Japanese philosopher

Yamaga Sokō (山鹿 素行) was a Japanese military writer and philosopher under the Tokugawa shogunate of Edo period in Japan. As a scholar he applied the Confucian idea of the "superior man" to the samurai class of Japan. This became an important part of the samurai way of life and code of conduct.

==Biography==
Yamaga was born in Aizuwakamatsu the son of a rōnin formerly of Aizu Domain and moved to Edo at the age of six in 1628. He had been studying the Chinese classics from that time, and at the age of nine became a student of Hayashi Razan, a follower of Neo-Confucianism who had developed a practical blending of Shinto and Confucian beliefs and practices which became the foundation for the dominant ideology of the Tokugawa shogunate. At the age of 15, he travelled to Kai Province to study military strategy under Obata Kagenori.

However, at the age of forty he broke away from the official doctrine, rejecting the Cheng–Zhu school promoted by the Hayashi clan and burning all of the books he had written while under its influence. This, along with the publishing of a philosophical work entitled Seikyo Yoroku, caused him to be arrested the following year at the instigation of Hoshina Masayuki, daimyō of Aizu Domain. Yamaga proclaimed his belief that the unadulterated truth could be found only in the ethical teachings of Confucius, and that subsequent developments within the Confucian tradition represented perversions of the original doctrine. Hoshina, however, saw this attack on the prevailing orthodoxy as a potential challenge to Tokugawa authority itself and ordered his exile from Edo. Soon after his expulsion from Edo, Yamaga moved to the Akō Domain in Harima Province in 1653, befriending Asano Nagatomo and becoming an important teacher of Confucianism and military science in the region. Yamaga's influence would later be expressed in the Genroku Akō incident, as its leader, Ōishi Yoshio, had been one of his devoted pupils.
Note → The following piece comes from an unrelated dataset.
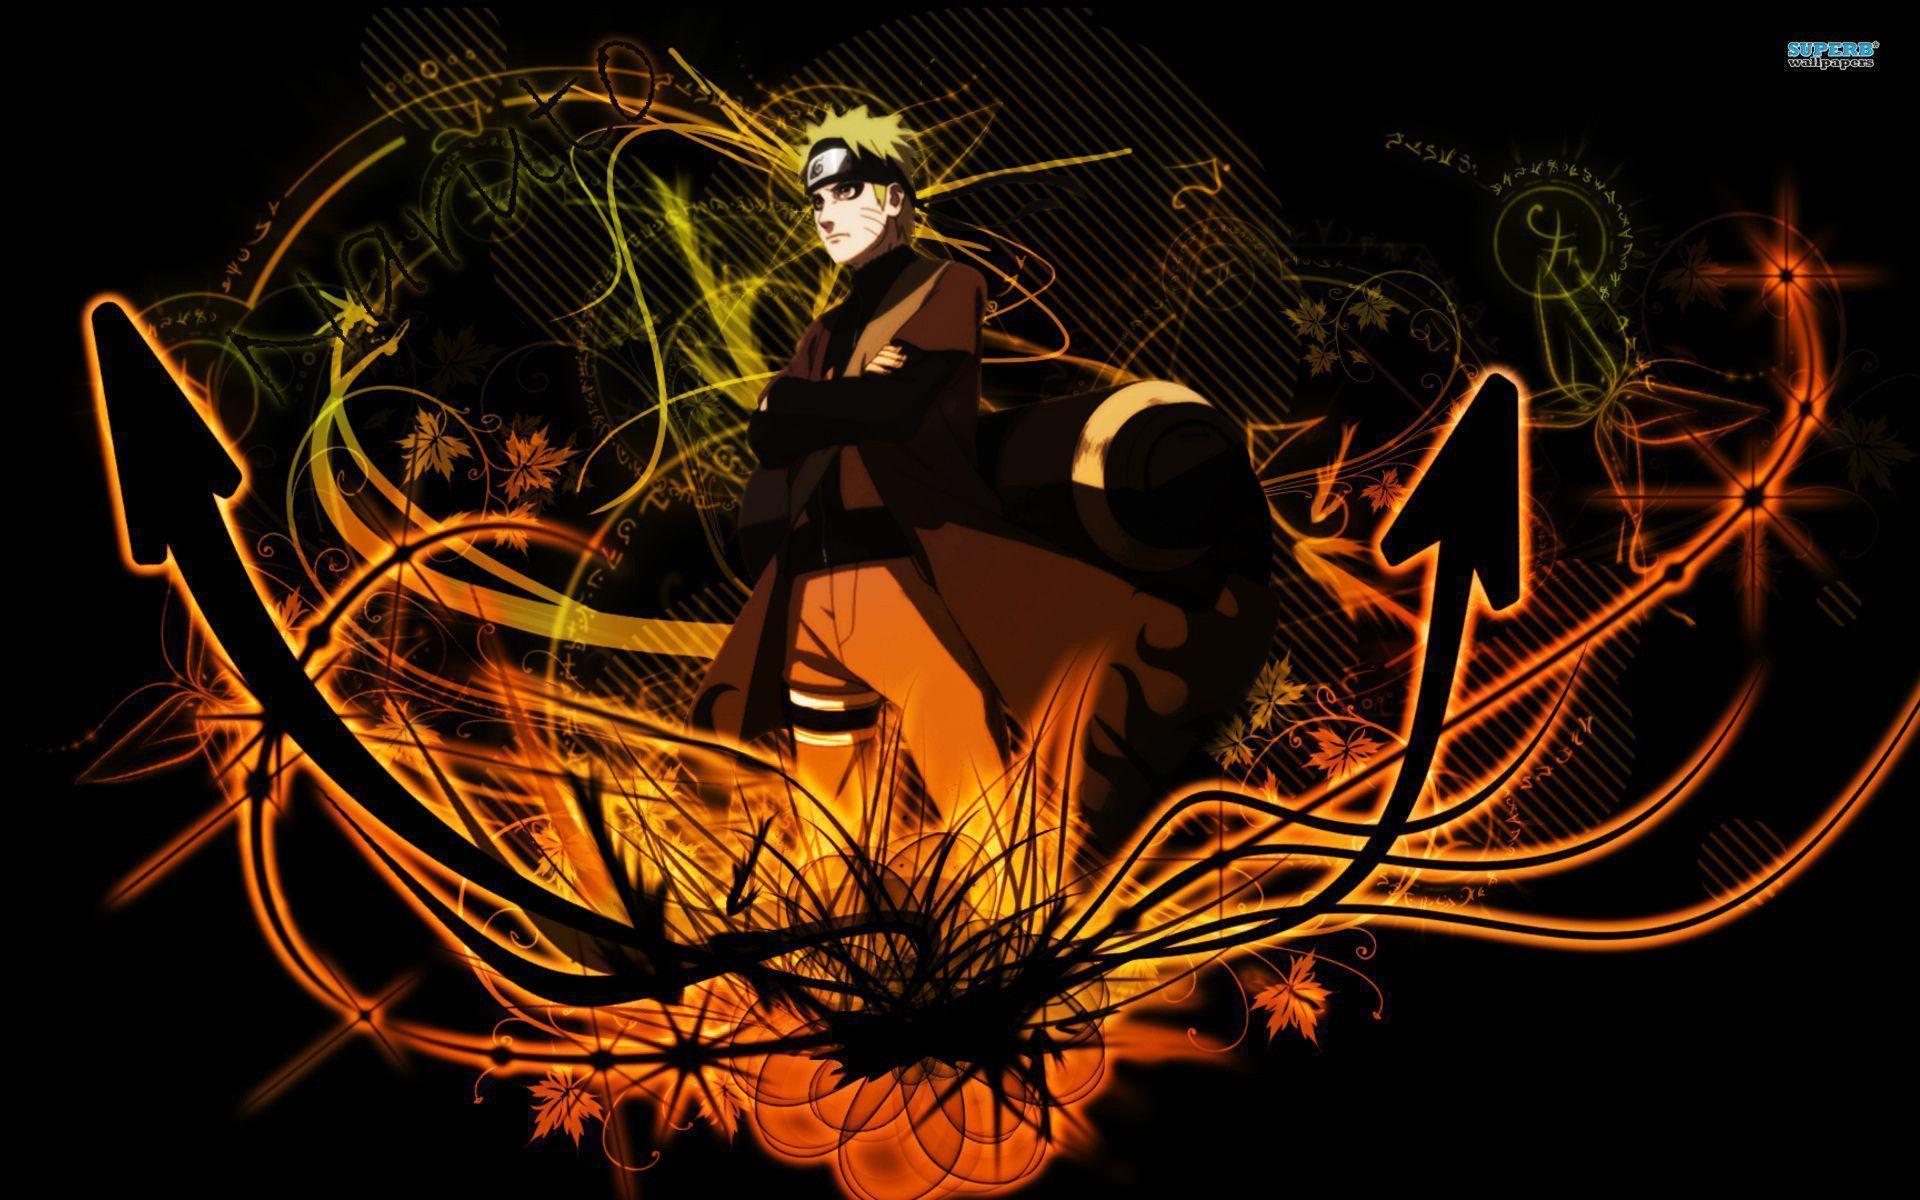 Naruto HD PC Wallpapers - HD Wallpapers Inn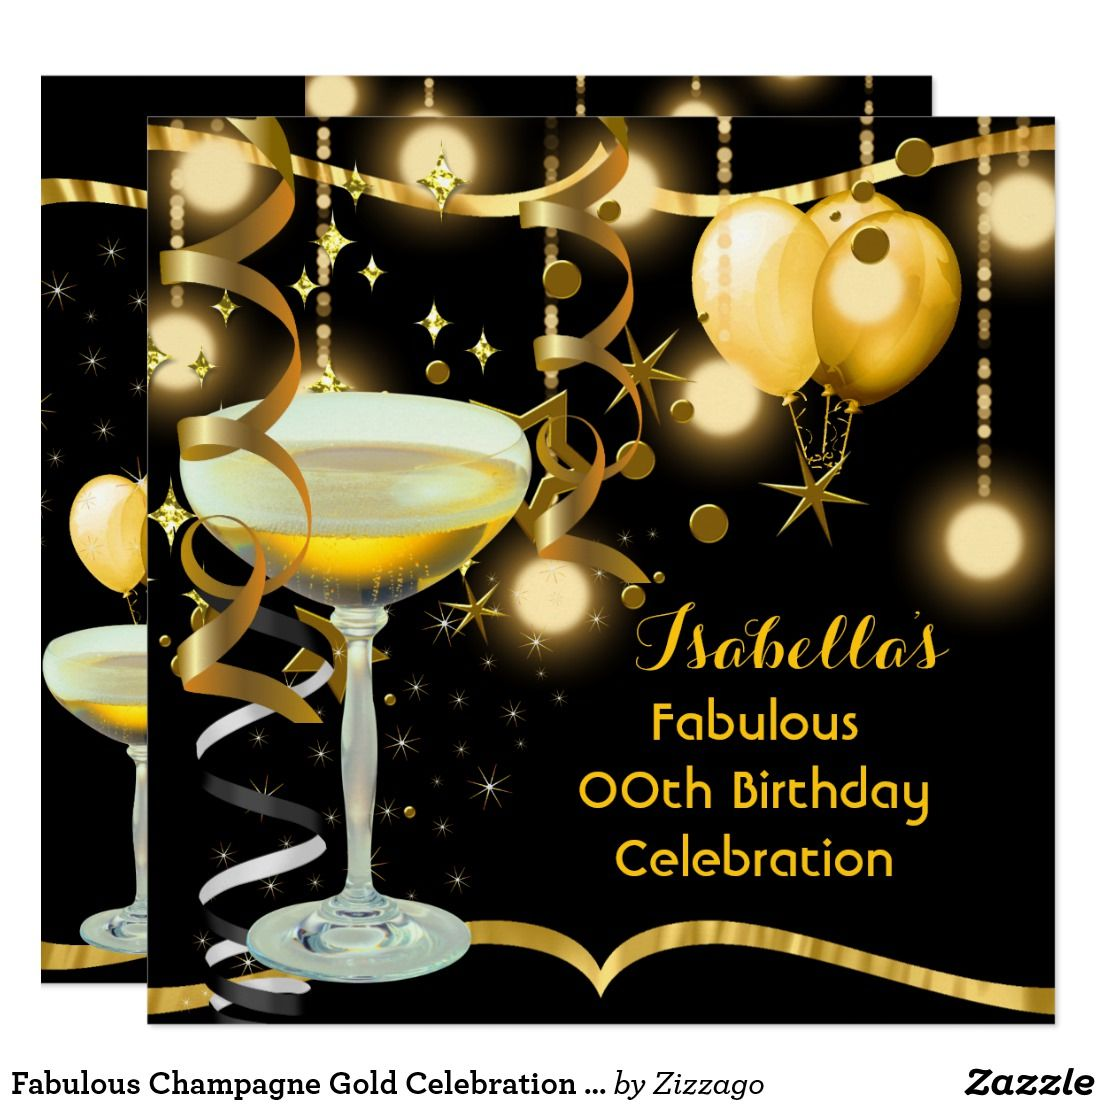 Fabulous Champagne Gold Celebration Party Invitation   Zazzle.com   Gold  celebration, Birthday shots, Fun birthday party

Yamaga wrote a series of works dealing with "the warrior's creed" (bukyō) and "the way of the gentleman" (shidō). In this way he described the lofty mission of the warrior class and its attendant obligations. According to William Scott Wilson in his Ideals of the Samurai, Yamaga "in his theory of Shidō (a less radical theory than bushidō), defined the warrior as an example of Confucian purity to the other classes of society, and as punisher of those who would stray from its path". Wilson wrote that Yamaga thought of the samurai as a "sort of Warrior-Sage" and focused his writings on the perfection of this "transcendent ideal", but "this direction of thinking ... was typical of the scholars of the Edo Period in its tendency toward speculation". He re-emphasized that the peaceful arts, letters, and history were essential to the intellectual discipline of the samurai. Yamaga thus symbolizes the historical transformation of the samurai class from a purely military aristocracy to one of increasing political and intellectual leadership. One of his pupils was Daidōji Yūzan, a samurai from the Daidōji family, who would become the author of an important bushidō text, Budō shoshin shu. He also drew attention to the need to study and adopt Western weapons and tactics, as introduced by the Dutch.

The life of his near contemporary Matsudaira Sadanobu presents a plausible context for more fully understanding and appreciating Yamaga's life. Both believed entirely in the civic and personal values of Confucianism, but both construed those precepts a little differently because of their places in Edo period society. In his own time, this conception of Confucian values was among the factors that led him to draw attention to the need to study and adopt Western weapons and tactics, as introduced by the Dutch.

Yamaga's conception restated and codified the writings of past centuries and pointed to the emperor as the focus of all loyalties. His teachings, therefore, had direct application for everyone in the existing feudal structure, and he was not calling for a change in the status of the emperor.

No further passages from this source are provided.